IN A POLL to decide the most influential member of the Scotland squad, who would be likely to finish on top? Stuart Hogg, perhaps, given his attacking prowess? Senior figures such as Greig Laidlaw or John Barclay when they are leading the side?
To an extent, it depends on how you define influential, but there is surely a good case to be made for Pete Horne. When it comes to having a reassuring effect on his team-mates, the Glasgow centre is right up there. When you take a closer look at the sort of subtle work that gets overlooked at first glance, much of it is done by him.
He enables others to play at the top of their game, while at the same time remaining remarkably consistent himself. And tonight when Scotland take on the USA, the influence that the 28-year-old has on his team-mates is likely to become more evident than ever, with his younger brother George making his debut at scrum-half.
The pair are very different players, of course. George is perfectly capable of playing some outstanding rugby without his brother being present, and there are aspects of his game which Pete, by his own admission, finds hard to emulate – that turn of speed over five or 10 yards being one of them. But given that the centre is five years older, and given too how long they have been playing rugby, it is inevitable that a lot of Pete’s insight into the game has rubbed off on George.
Of course, the process works in the opposite direction too, as Pete explained earlier this week when asked how it would feel to have his brother alongside him in the Scotland ranks for the first time. “He’s great, he’s got so much energy, and that rubs off on me,” he said. “He’s desperate to pull on a jersey, whether it’s Glasgow or Scotland, and I just try and keep up with him.
“It will be really special playing with George and nice to sing the anthem together. But it will be more something for our family – everyone will be really proud and it will be something we can enjoy when the tour is done. In a couple of weeks once the dust settles we’ll be able to look back on it and enjoy it.
“We know each other inside out – you’ve got that instinct. I can try and keep up with him if he’s got his quick taps or he’s making little snipes – try and make sure that I’m there to get on his shoulder. And, you know, give him a clip round the lug if he needs it as well.
“I think why it’s so competitive is that ever since we were kids he’s been right into whatever I was into, whether it be football, tennis or rugby. If I was ever to practise anything he’d be out doing it with me – he’s always wanted to beat me at absolutely everything.
“He’s a competitive little bugger, which is great. In games like this when the going gets tough, that competitive edge will really drive you through.”
“Adam [Hastings] is the same. He’s a very competitive kid. We’ve got a good competitive squad and that’s what you need.”
You do, but you also need cooperation, and a willingness to put the success of the team before any individual desires. In this respect, too, Horne is right up there with any member of the squad, going so far as to explain that he judges his own performances by how well others have done.

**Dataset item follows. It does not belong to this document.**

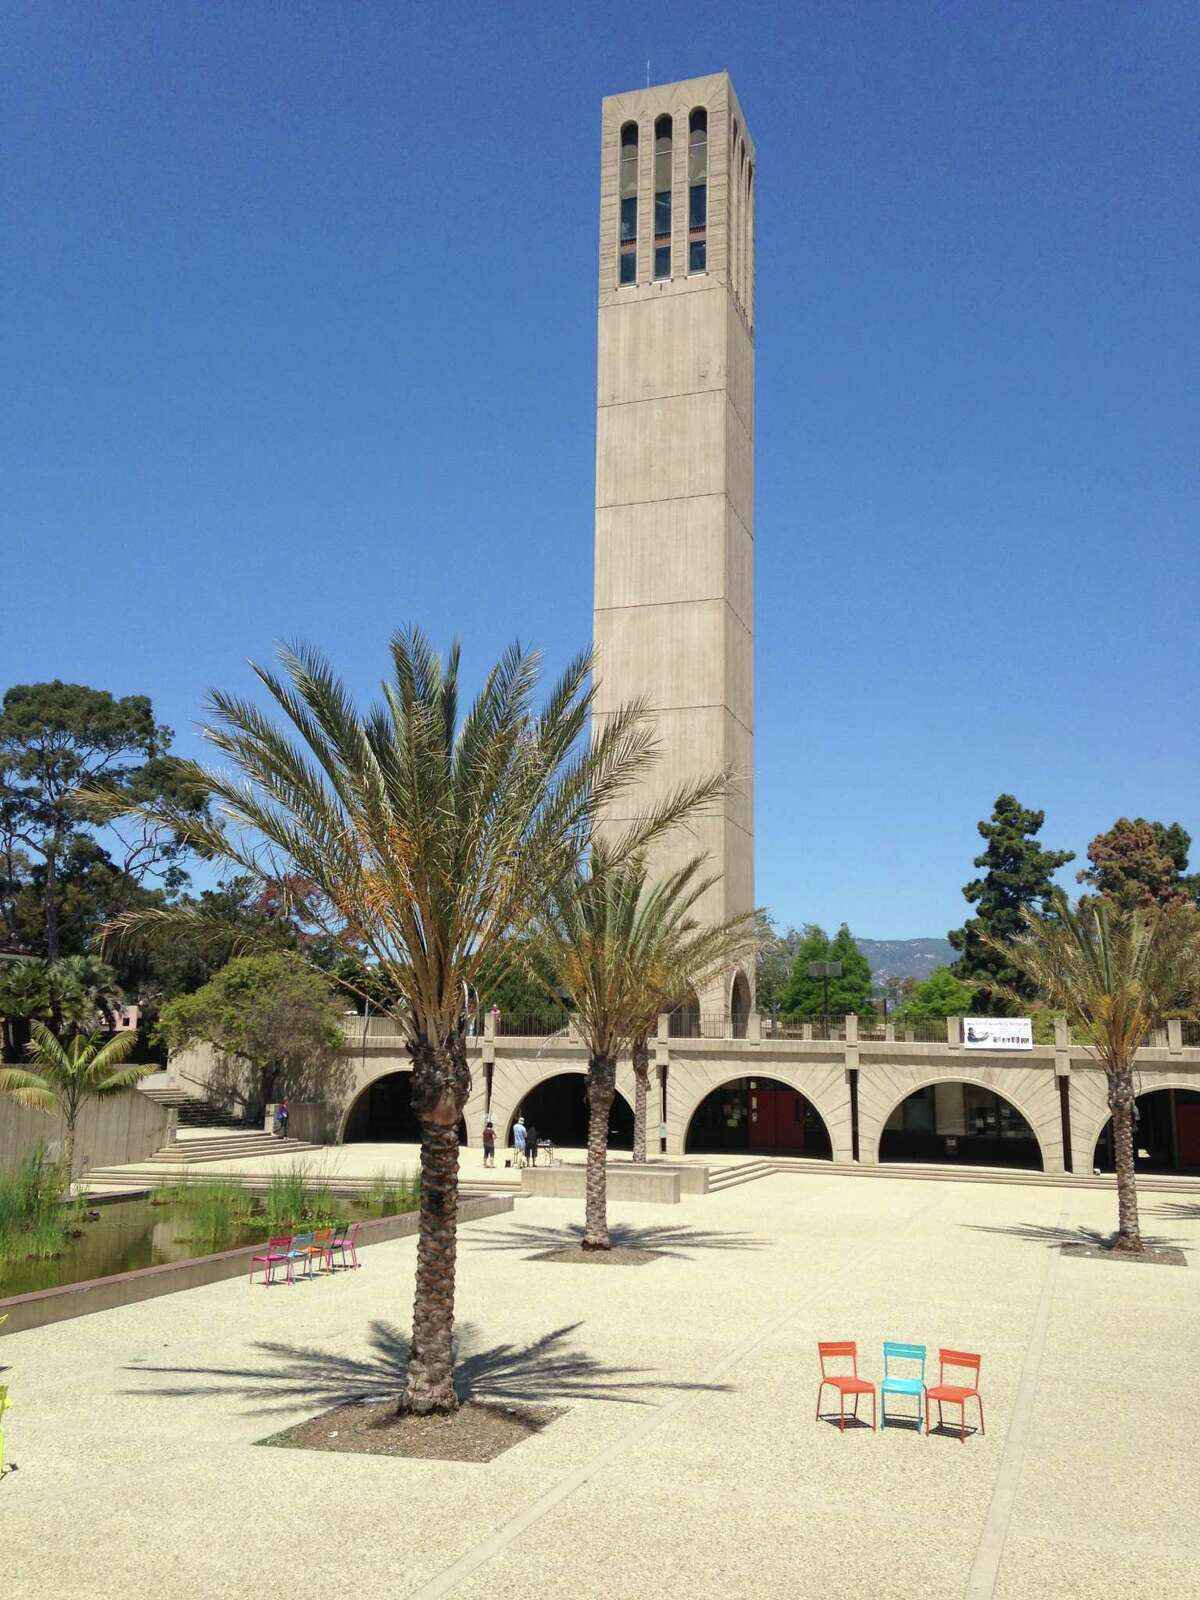 UC Santa Barbara 1997 - Applied: 20,710   Admitted: 14,766  Acceptance rate: 71.2 percent 2007 - Applied: 40,937   Admitted: 22,271  Acceptance rate: 54.4 percent 2017 - Applied: 81,824   Admitted: 26,845  Acceptance rate: 32.8 percent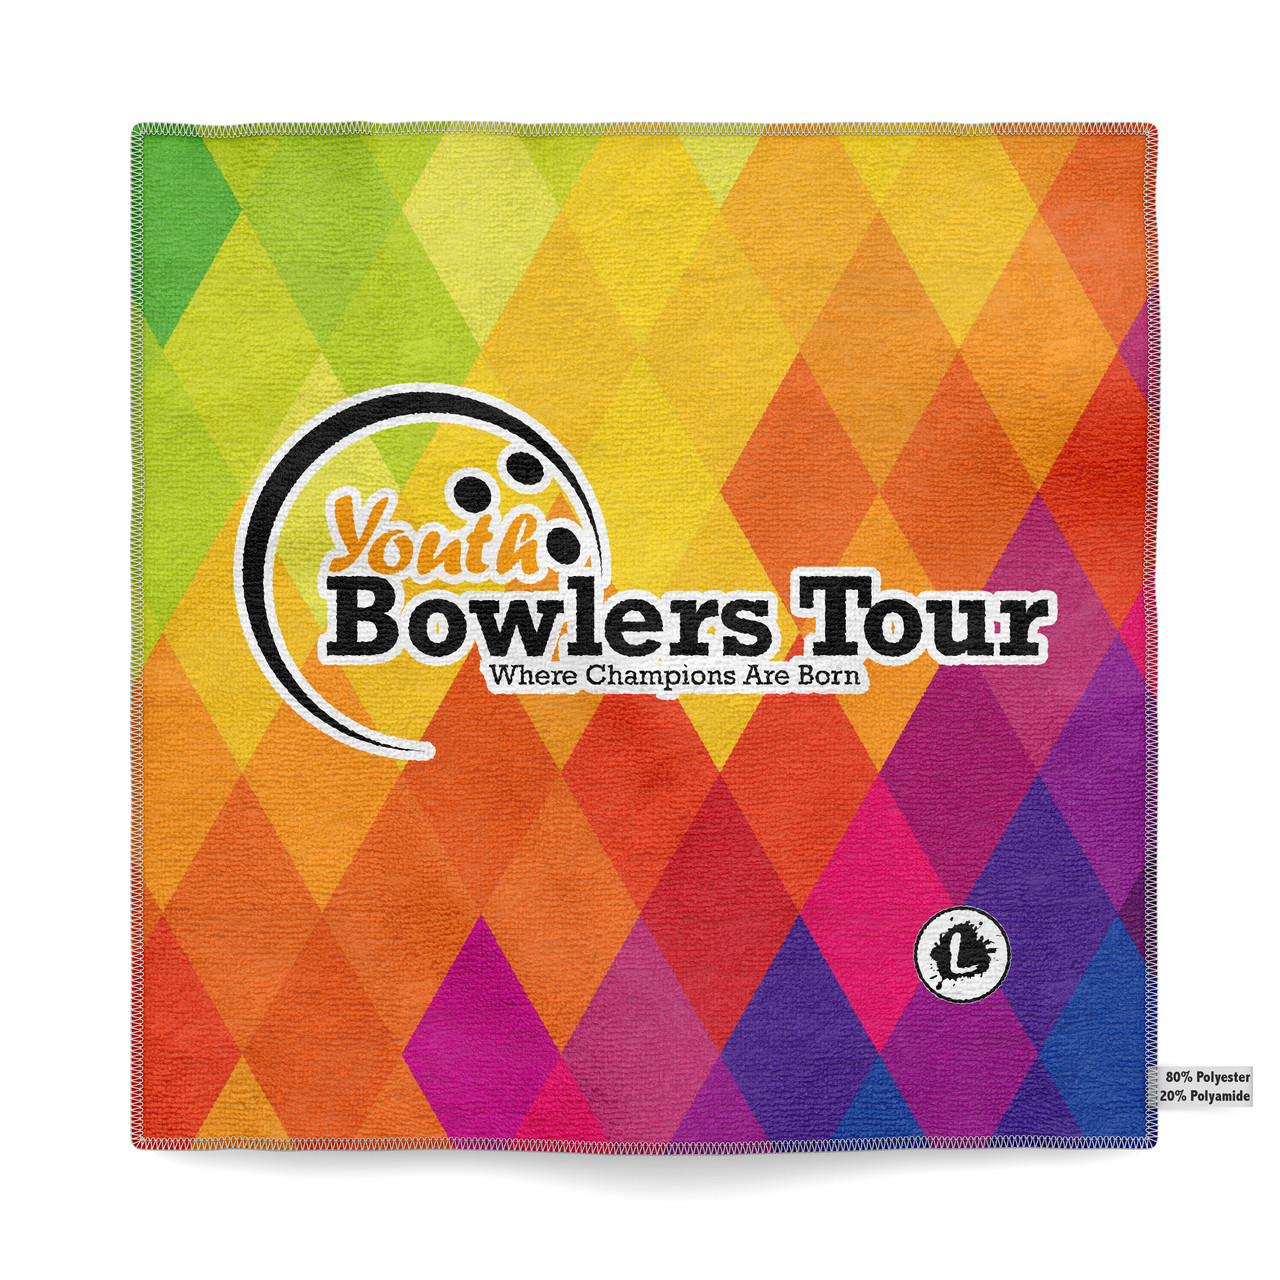 Youth Bowlers Tour - YBT - Microfiber Towel - YBT001

“When I come off the park I can tell if I’ve had a good game – if Finn [Russell] has played well or whoever’s played 10 has played well. If my outside backs have played well, that’s probably a reflection that I’ve had a good game.
“My game’s built on trying to make everyone else look good – just work rate with a little bit of brutality around the ruck. Within our group I get a lot of raps – the boys see what goes on and thank me enough. I get more than the credit that I deserve within our squad and with our coaching staff. That’s good enough for me: I’m happy with that.
“Don’t get me wrong, there’s nothing better than making breaks and scoring tries, but I think I get as much joy out of trying to put Hoggy through a gap and seeing him score a try that I’ve played a part in.”
With that sort of broad perspective on the game, it would be no surprise if Horne went into coaching once his playing days are over. He is already well known for the meticulous preparation he puts into matches – a quality that has been especially useful this week, when the searing heat of Houston has cut down on the amount of training the squad are able to do.
“We’re doing a lot of work on the laptops, especially this week because you can’t be out there training for an hour and a half, two hours,” he explained. “You’ve got to make sure you get through all your detail, do your homework, know your opposite man, know your role. As long as everyone’s doing that, then you can relax and make sure you get a bit of downtime – try and get away from rugby for a little bit and make sure you;re head isn’t frazzled by the time the game comes, because that would be a disaster. Be ready to get out there and express yourself at the weekend.”
And how exactly do the squad get away from rugby? By day, small groups of them have been wandering around the Galleria, a shopping mall just a few minutes’ walk from their hotel. In the evening, the group tends to gather together.
“I’m right into my food, so I quite like going out and finding a nice place for a coffee or a bite to eat,” Horne added. “It is tougher here, because being so hot you don’t want to be outside – you kind of want to go from AC place to AC place.
“We’ve got right into the cards. We’ve got a nightly Love Island group – we get it up on the projector and watch it on the big screen as a big group. We started that the first couple of nights we were here, so it’s been good fun, gets everyone together.
“Half the squad was watching it by the second night. Everyone’s been loving it.
“We’ve got an Xbox with us as well, and a couple of the boys sign into that. We play Fortnite, and there’ll be about 30 boys watching it. It makes everyone get involved and it’s good fun.”